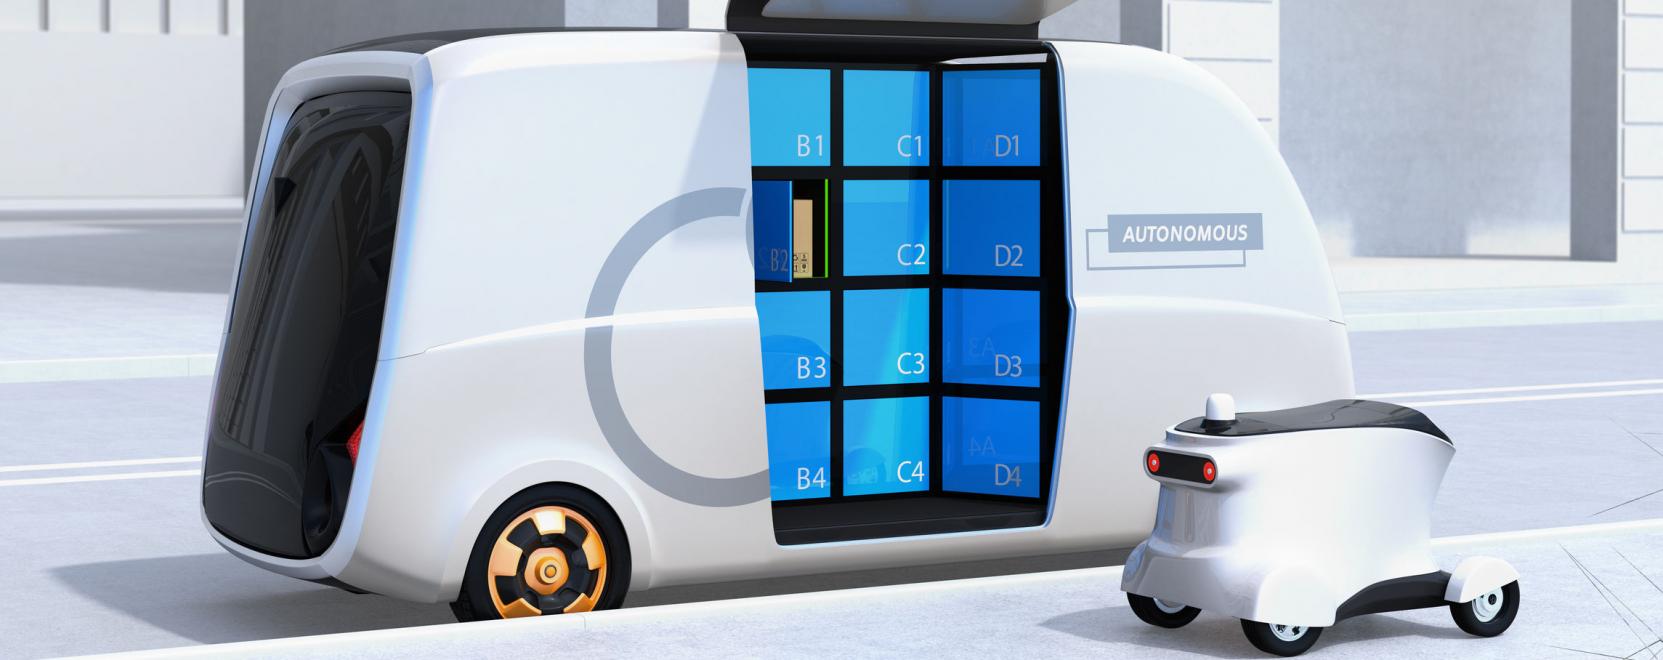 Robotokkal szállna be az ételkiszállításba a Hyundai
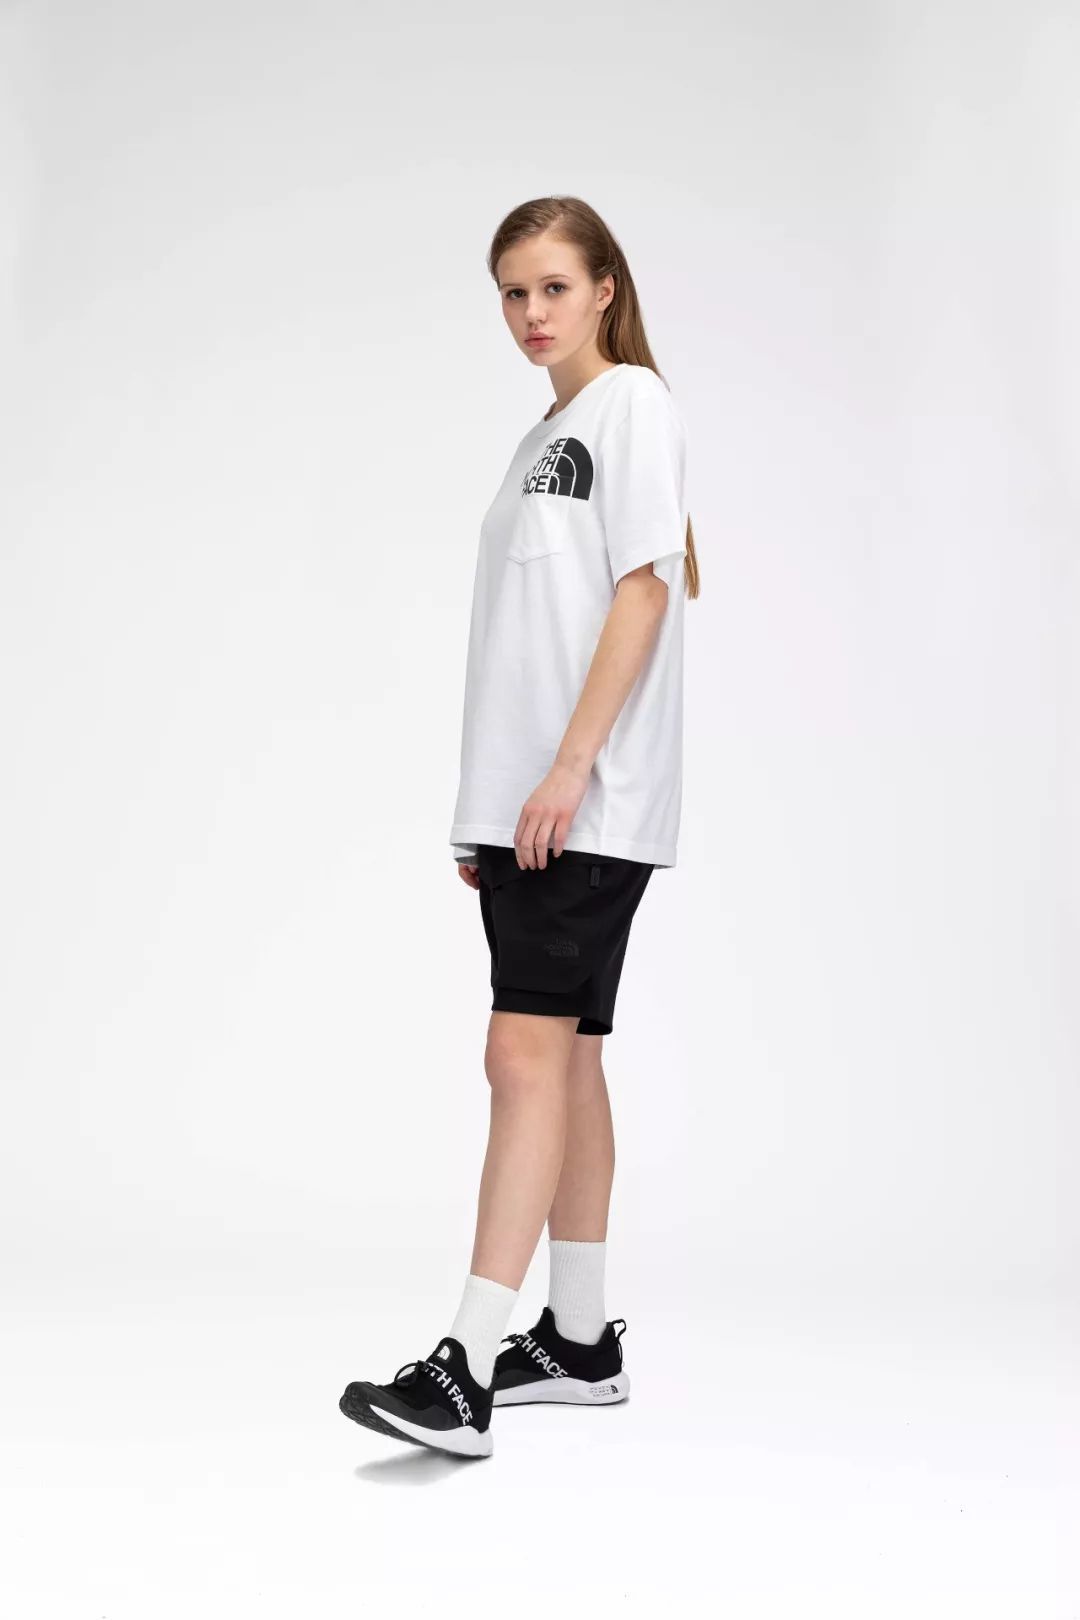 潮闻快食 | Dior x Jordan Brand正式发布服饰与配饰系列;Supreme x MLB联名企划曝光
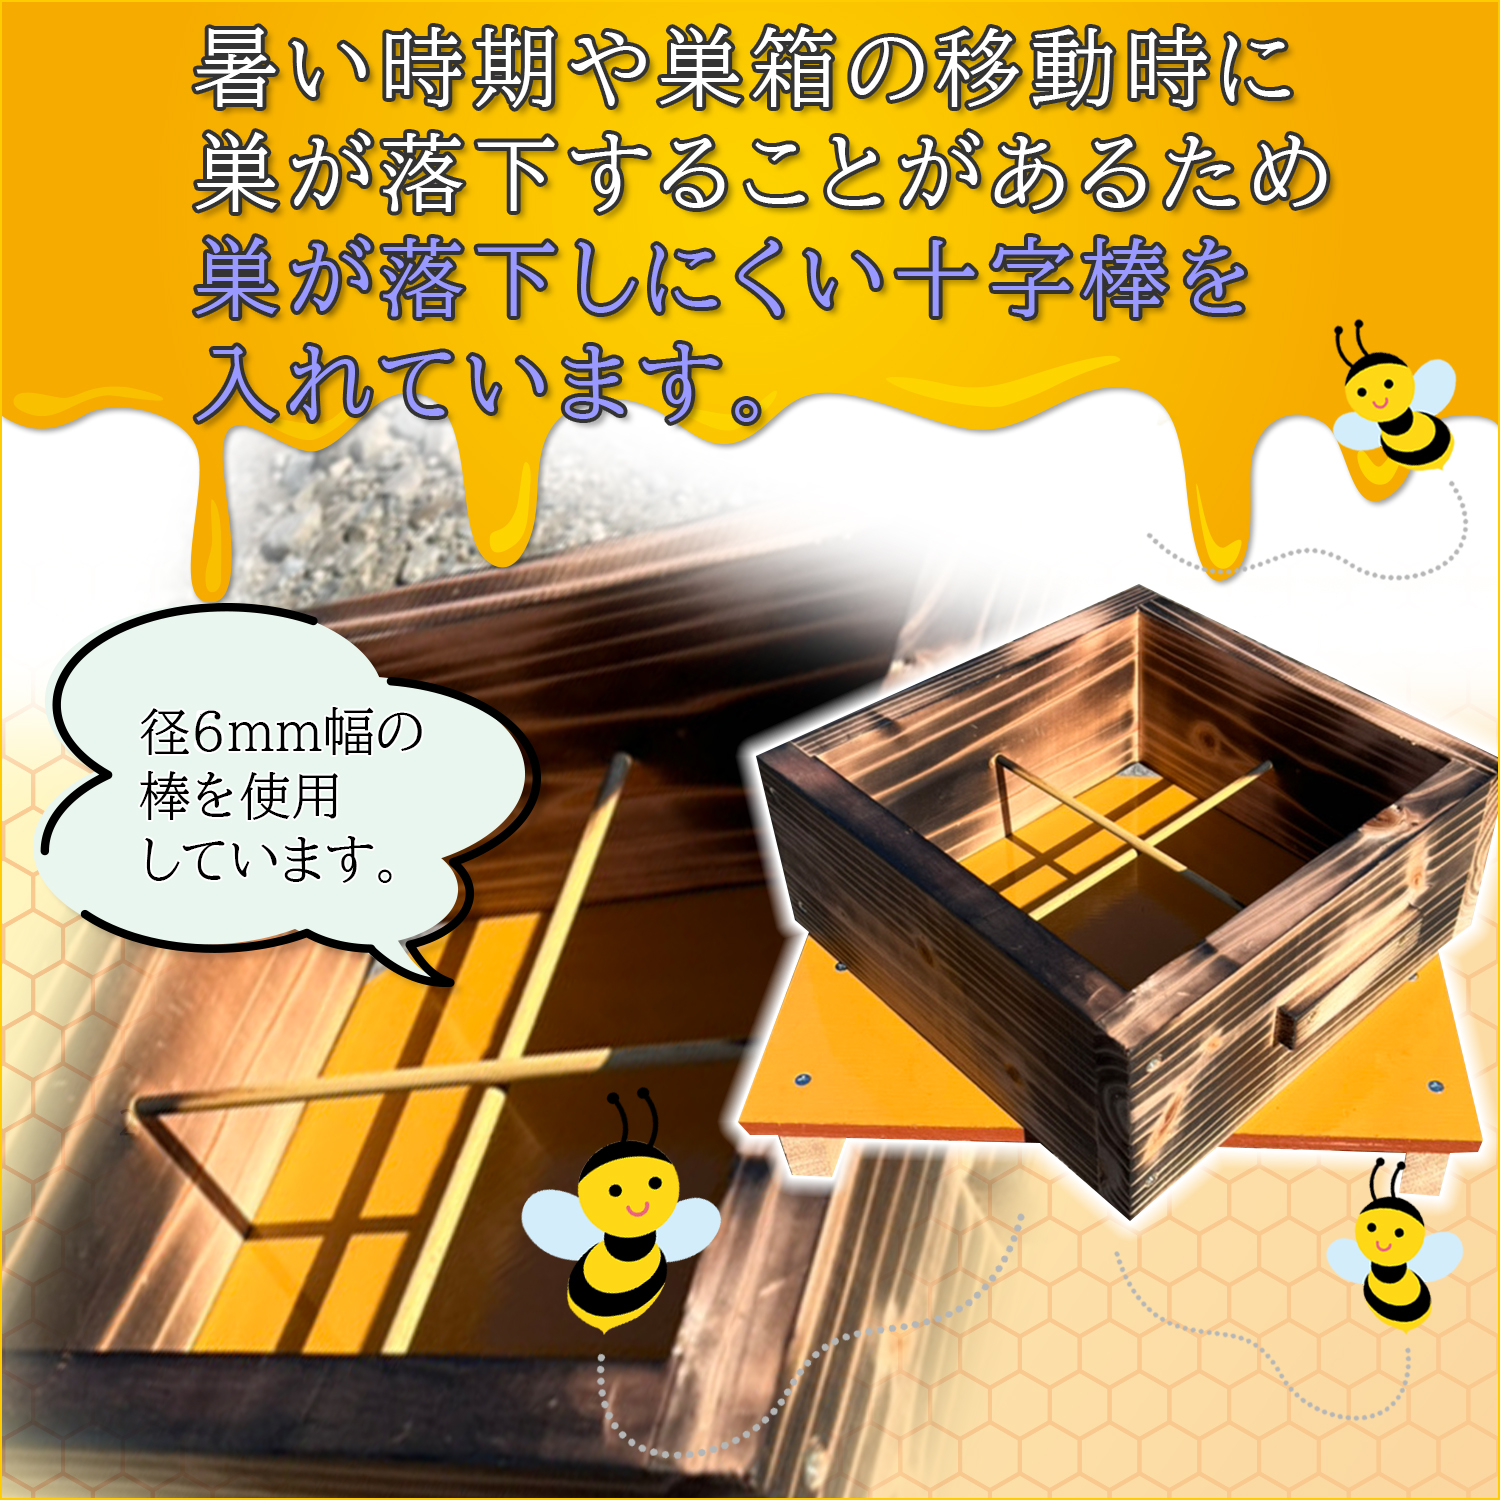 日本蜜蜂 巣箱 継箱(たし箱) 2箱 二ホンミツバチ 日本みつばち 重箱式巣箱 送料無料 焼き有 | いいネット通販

HOW TO COMPLETE THIS TASK: Return all the material exactly, pictures excluded.

RESPONSE TO THIS TASK:
 Robotokkal szállna be az ételkiszállításba a Hyundai
 潮闻快食 | Dior x Jordan Brand正式发布服饰与配饰系列;Supreme x MLB联名企划曝光
 日本蜜蜂 巣箱 継箱(たし箱) 2箱 二ホンミツバチ 日本みつばち 重箱式巣箱 送料無料 焼き有 | いいネット通販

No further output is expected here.